Spectral characteristics of the lamp are shown in FIG. 3. Results
are shown in Table 7.
[0155] Exposure of cultures to light did not affect total taxane
levels or the extent of extracellular accumulation. However, taxane
profiles were significantly altered in the two treatments. For
example, cells cultivated in the light produced 2.8 fold higher
taxol than did cells in the dark. The proportion of extracellular
taxol was also significantly higher than in the dark treatment (76%
vs 56%). The use of light treatment, especially of specific
spectral quality, might be useful in a cell culture process for
taxol production.
Example 8
Elicitors
[0156] The term elicitors is used for compounds of biological (or
biotic) and non-biological (or abiotic) origin that cause an
increase in secondary metabolism when added to plant cell
cultures.
[0157] While a number of elicitors have been found useful, a
representative illustrative example is described here in detail,
namely, the use of chitosan glutamate. While chitosan has been
previously tried as an elicitor in some plant cell culture systems,
the accompanying toxic reactions such as browning and loss of
viability have made its use impractical (Beaumont and Knorr 1987,
Biotechnol. Lett. 9, 377-382). Indeed such toxic side reactions are
a common drawback of many elicitors reported in the literature. The
use of chemically modified chitosans such as chitosan glutamate to
specifically induce taxol and taxane biosynthesis while
circumventing toxic side-effects is a novel approach.

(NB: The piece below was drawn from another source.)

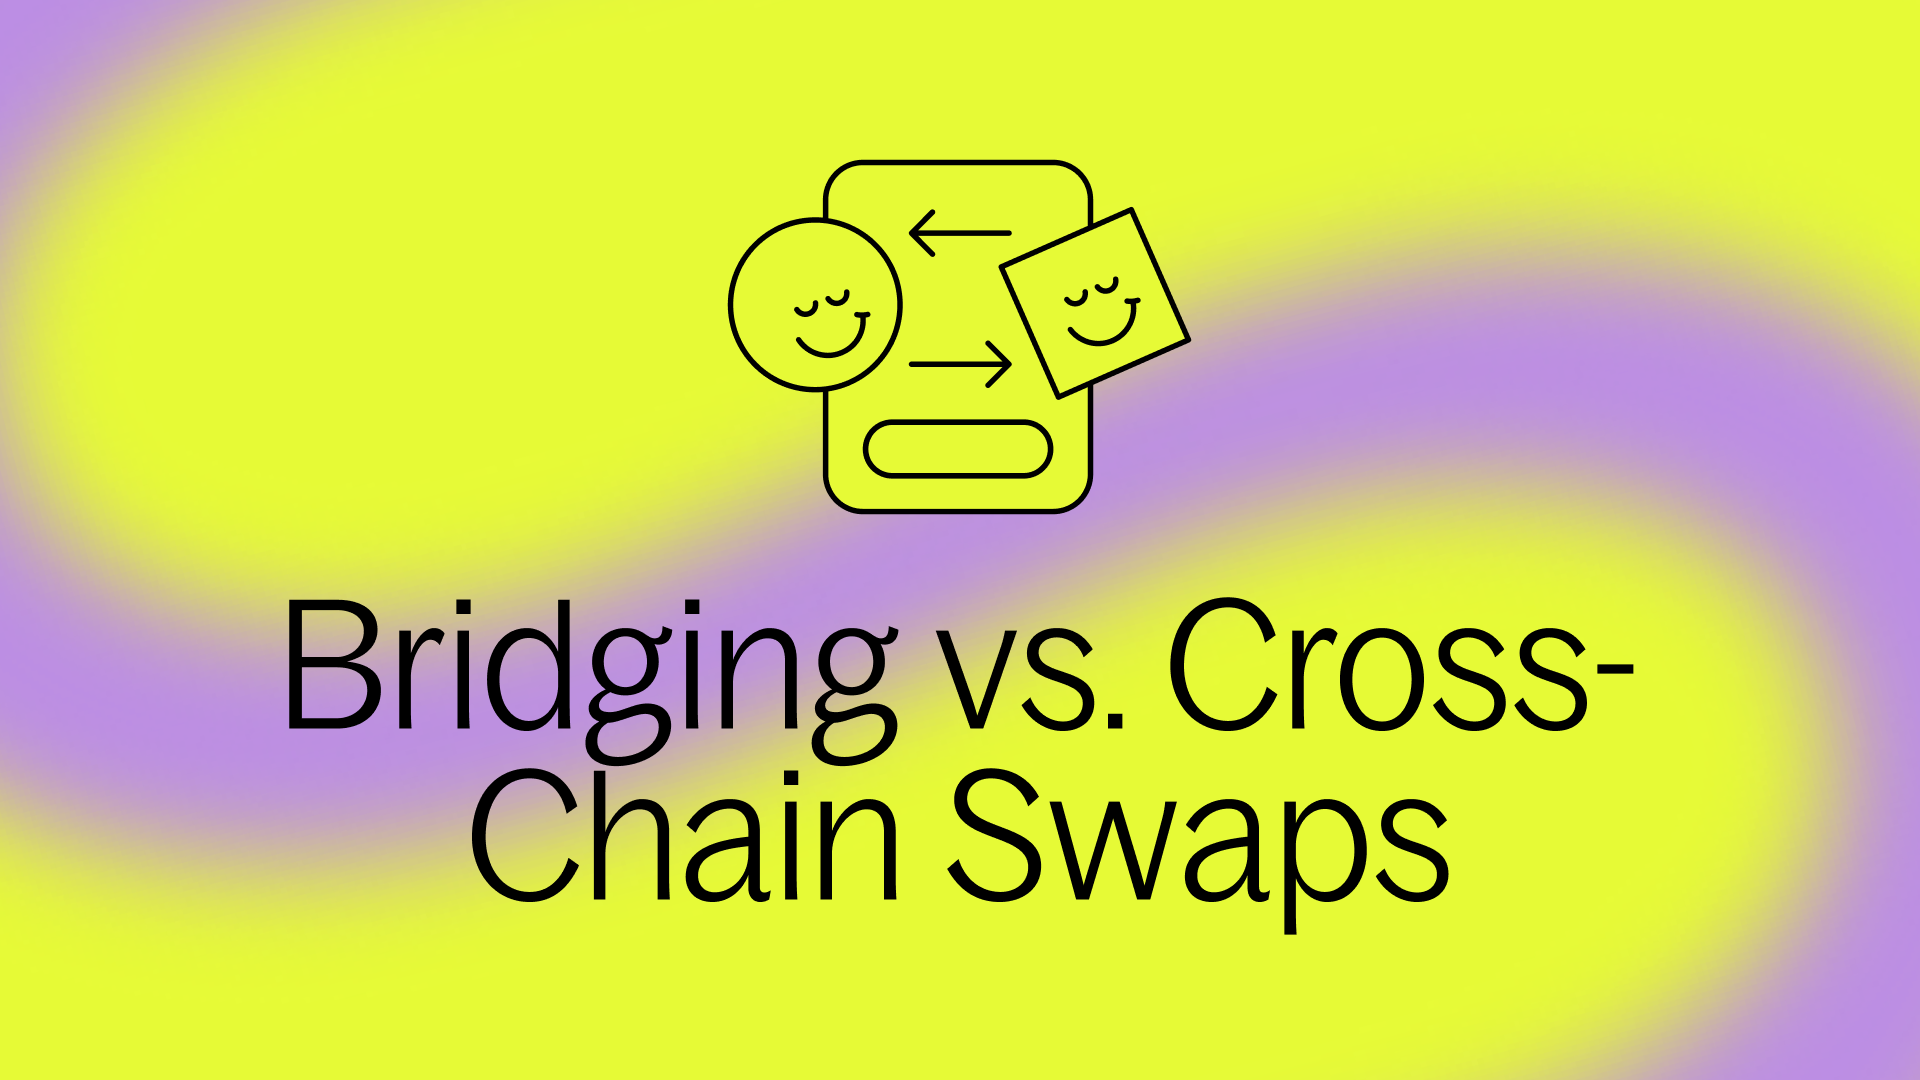 Bridging vs. Cross-chain Swaps

[0158] Suspensions of Taxus chinensis line K-1 grown in Medium D
for 7 to 8 days were suction filtered aseptically using a sterile
Buchner funnel fitted with a miracloth (Calbiochem) filter. 2 g
fresh weight cells were aseptically transferred to 25 ml of medium
C (see Table 2) in a 125-mL Erlenmeyer flask. A solution of 0.05%
chitosan glutamate was prepared freshly and filter-sterilized
through a 0.22 micron cartridge filter. 825 .mu.L of this solution
was added to the flask at the start of the experiment,
corresponding to a level of 165 mg elicitor per gram dry weight
cells. The flasks were incubated at 24.+-.1.degree. C. on a
gyratory shaker at 110 rpm in the dark. The flasks were
destructively sampled on day 15, and observations on growth, color
of the cells and medium and cell viability were recorded. Samples
were analyzed for taxanes as described in Example 5. The results of
this experiment are shown in Table 8.
[0159] Elicitor treatment resulted in a modest improvement in the
per-cell total taxane production (0.53% vs. 0.42% dry weight
taxanes) over non-treated controls. The non-toxic nature of the
elicitor is evident from the high viabilities (75-80%) observed in
both treatments. In fact, an increased dry weight in elicitor
treatment compared to controls has been reproducibly observed (14.2
g/l vs. 10.1 g/l dry weight). The higher cell densities resulted in
an 1.8-fold greater titer of total taxanes in the elicitor
treatment, i.e., 75.8 mg/L versus 42.4 mg/L for the control.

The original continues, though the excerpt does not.